Забавно, что никто так и смог ответить на простой вопрос: зачем это вообще надо? Зачем воспаленный, сложный, экстремистский по самой своей природе вопрос надо предлагать детям в 4-м классе? Причем столь безапелляционно. Для лучшего «понимания и усвоения» русской культуры? Но даже по факту простого численного представительства русская культура, возможно, не вполне атеистическая, но уж никак не православная. Имена Тургенева, Герцена, Белинского, Писарева, Добролюбова, Чернышевского, Чаадаева, Павлова, Тимирязева, Сеченова, Орбели, Есенина, Циолковского, Мандельштама, Булгакова, Левитана, Перова, Маяковского, Толстого да и еще доброй сотни создателей этой культуры — говорят сами за себя. С культурой же общемировой православие вообще не имеет никакой, даже внешней связи, а со значительной частью и вовсе пребывает в жестоком мировоззренческом конфликте.
Православие в его обычном понимании на протяжении многих веков было некоей «народной религией», т.е. вероисповеданием безграмотных, изолированных от развития людей, которых законы разрешали продавать и покупать, унижать и насиловать любым способом. Русские крепостные, т.е. рабы, были его основной референтной группой. Русская знать, которой петровские реформы дали некоторую свободу, немедленно ею воспользовалась. Как мы помним, дворянство (за небольшими исключениями) вовсю масонствовало, уходило в теософию, месмеризм, эзотерику, а затем вольтерьянство, толстовство, дарвинизм и атеизм. О деве Марии оно вспоминало в откровенно порнографических стишках типа «Гавриилиады», а о попах — в мечтах об удавлении последнего царя кишкой последнего попа. Кумиры просвещенной молодежи, разночинцев и студенчества тоже сменялись очень занятным образом, но никогда среди них не оказывалось казенных мыслителей. Вольнодумец Чаадаев сменялся атеистом Писаревым, тот — Кропоткиным и т.д. Конечно, имело место и т.н. богоискательство, но оно ничего общего с православием не имело, обращаясь то к католичеству, то в сакральную иероглифику Кирхериуса.
Разумеется, в культуре существовали группировки «охранителей» с их показанным православием, но на любой их шаг прогрессисты отвечали залпами, подобными письму Белинского к Гоголю. Конечно, русская культура имела свой православный полюс, представленный славянофилами. Отношения западнического, либерально-атеистического и славянофильских полюсов были, напомню, очень скверными. Лучше всего взаимоотношения этих полюсов иллюстрирует реакция Достоевского на труды Ивана Михайловича Сеченова. Напомню, что после выхода «Кому и как разрабатывать психологию» Достоевский исплевался ядом, назвав Сеченова «в сущности человеком необразованным», «мало знающим», который «научными своими выводами скорее вреден, чем приносит пользу» («Письма Достоевского», 1934, т. 2, стр. 259). Да, у многих поэтов и литераторов могли случаться приступы публичного православия, но следует помнить, что статьи уголовных уложений, карающие за ересь, иноверие или атеизм ссылками, порками, лишениями прав состояния распространялись на всех — и литераторы вынуждены были демонстрировать лояльность. Фактор жесточайшей и крайне свирепой полицейщины в вопросах «веры» позволяет усомниться в искренности таких демонстраций.

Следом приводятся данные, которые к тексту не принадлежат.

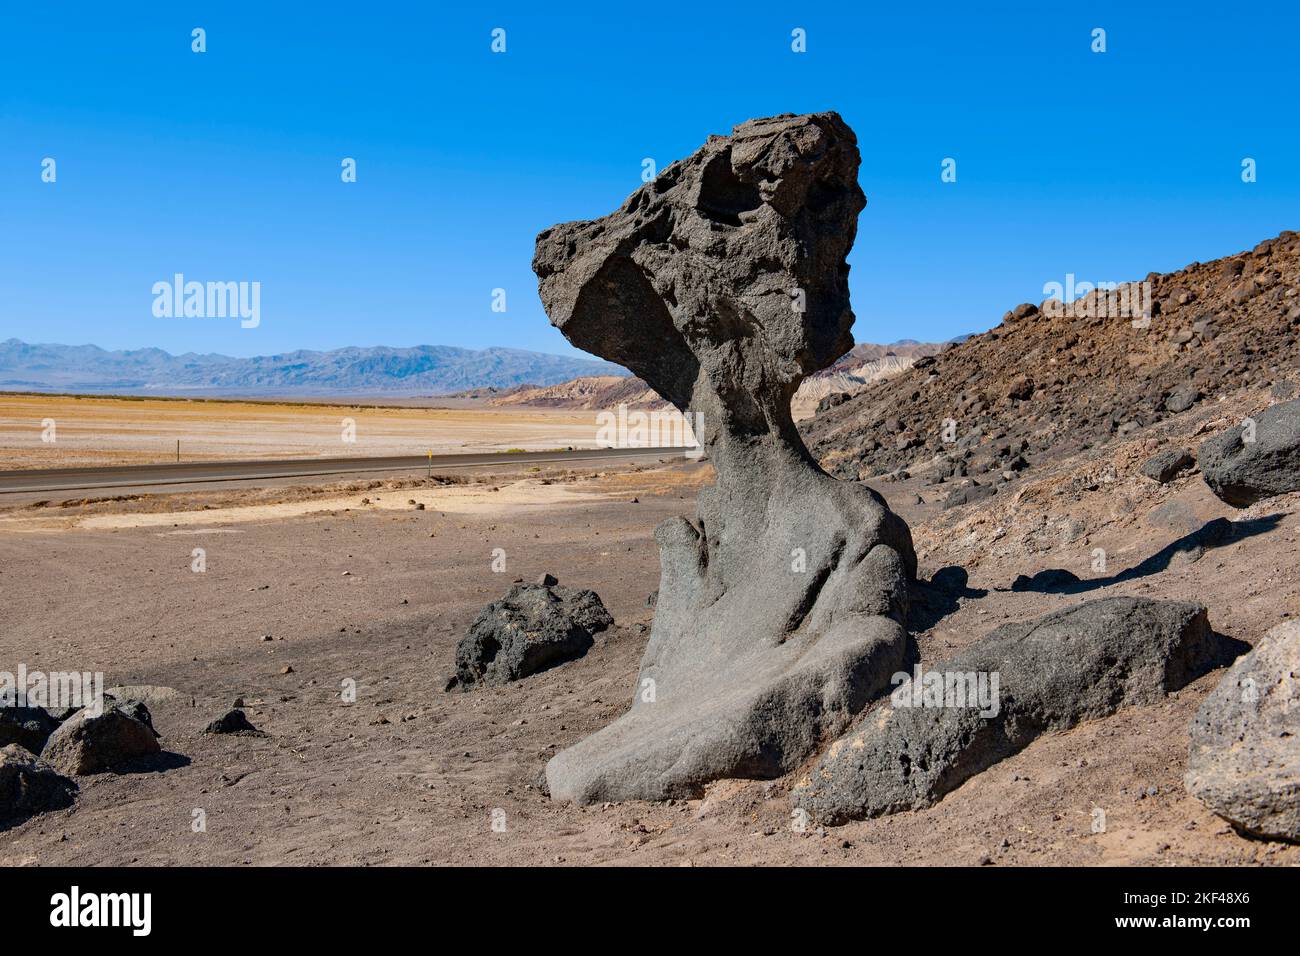 Felsformation Mushroom Rock, Death Valley Nationalpark, Kalifornien, USA, Nordamerika Stock Photo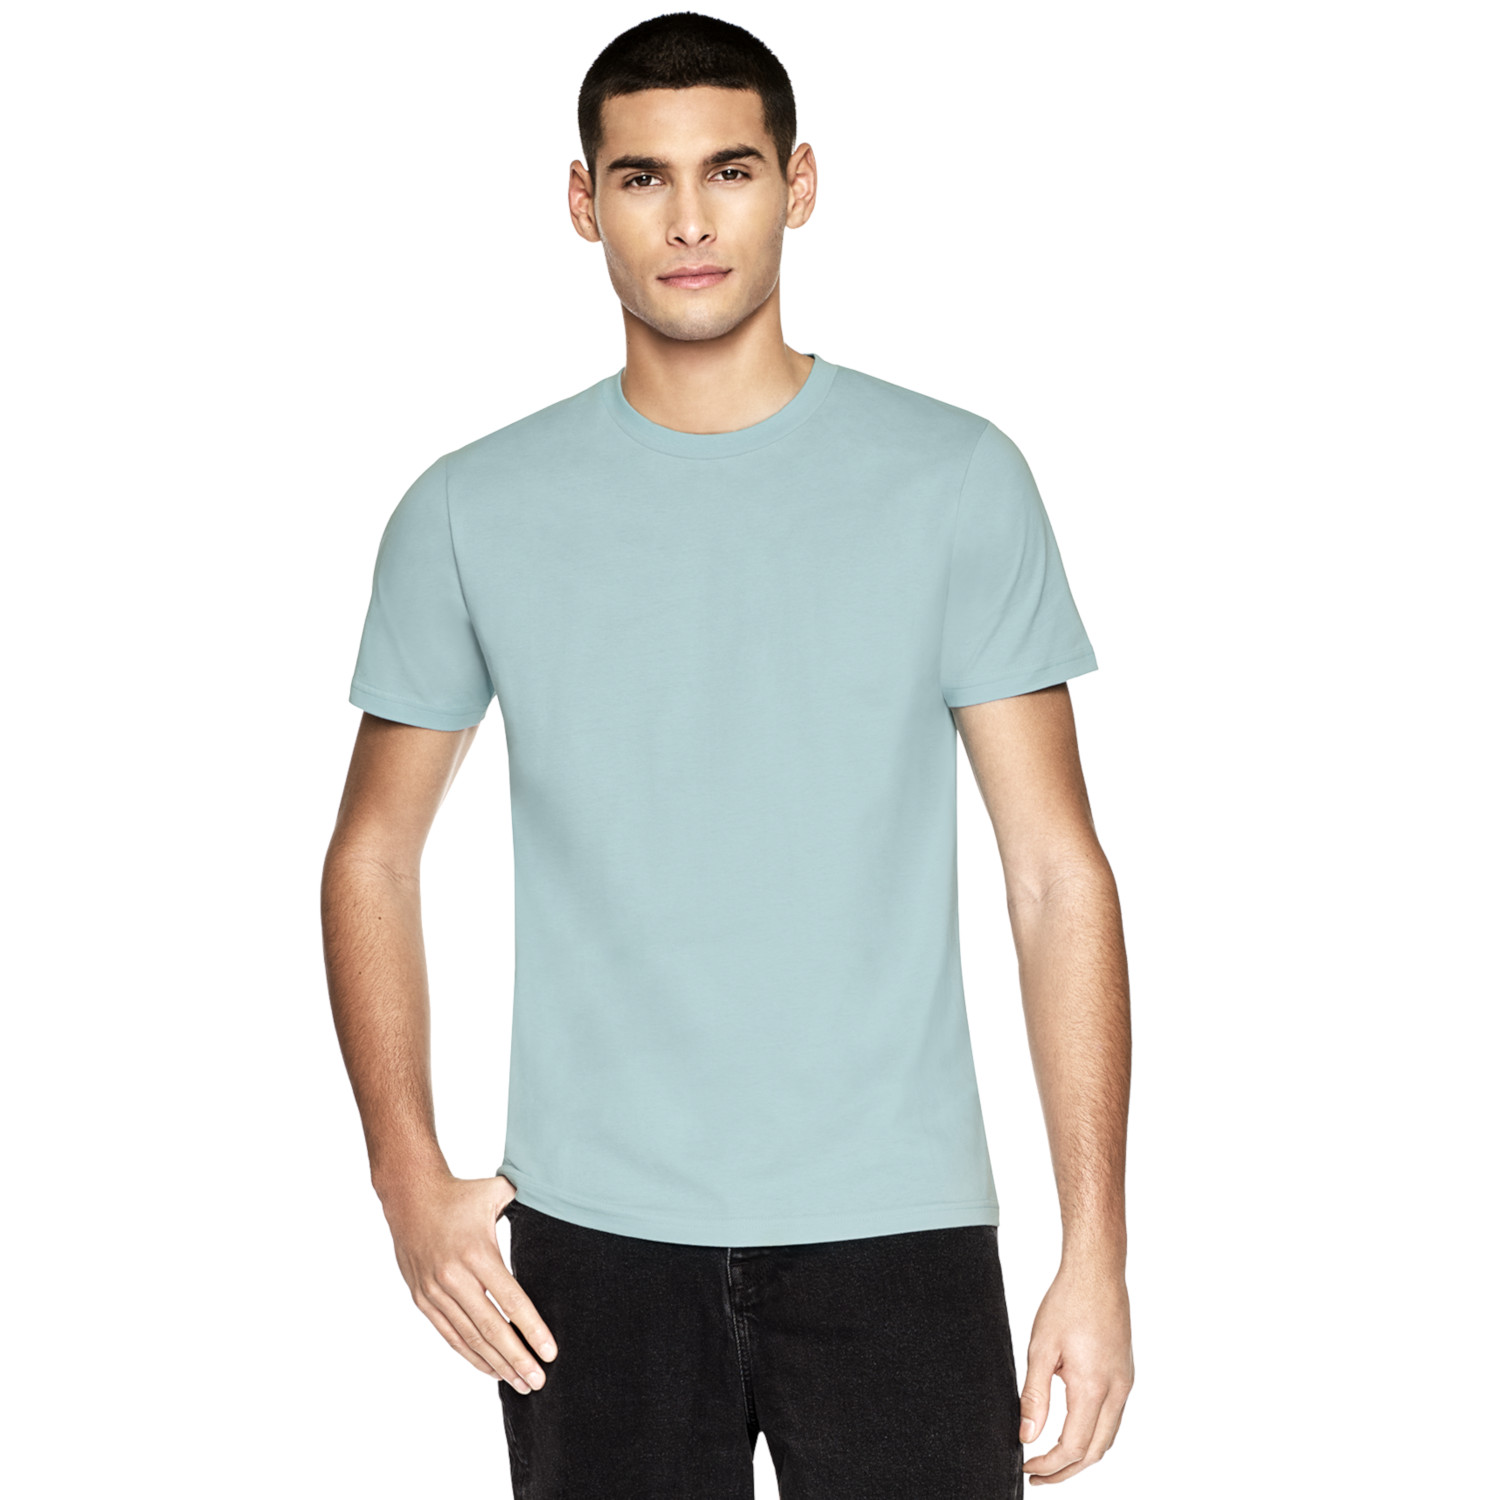 T-shirt unisex manica corta Colori Tendenza in puro cotone biologico_74926

Т.е. называть русскую культуру XVIII–XX веков «православной» нет никаких оснований. Она была настолько неоднородна, слоиста и конфликтна, что никакой объединяющий термин к ней не подходит. Говорить же о некоем «древленародном, допетровском православии» вообще невозможно, так как в течение почти семисот лет ни у одного человека в России права выбора веры или мировоззрения не было. Попытки читать лишние книги или даже просто задумываться на тему веры немедленно объявлялись ересью, как это было в XV веке с группой новгородских и московских интеллектуалов, осмелившихся переосмыслить некоторые каноны. Разумеется, дело закончилось пытками, отрезаниями языков и сожжениями. Следует отметить, что все фигуранты дела о московско-новгородской ереси были отнюдь не атеистами, а занимались «обретением истины о бозе». Богоискатели, среди которых были и миряне, и духовенство, были наречены «жидовствующими» и истреблены.
В XVII столетии массовые казни, убийства и сожжения были ответом русской церкви на другую попытку инакомыслия, на т.н. раскол. Разумеется, говорить о какой-либо свободе убеждений не приходится, выбор православия никогда не был свободным, осмысленным и осознанным актом. Умилительная сцена расцеловывания русскими солдатами икон перед Бородинской битвой имеет простой подтекст — грамотных в русской армии было около 4%, а примерно 90% личного состава — крепостные, т.е. обычные рабы, более того, рабы, с раннего детства принужденные системой «веровать и исповедовать» то, что было наиболее комфортно для системы, которая держала их в рабстве. Выбора «целовать — не целовать» у них просто не было.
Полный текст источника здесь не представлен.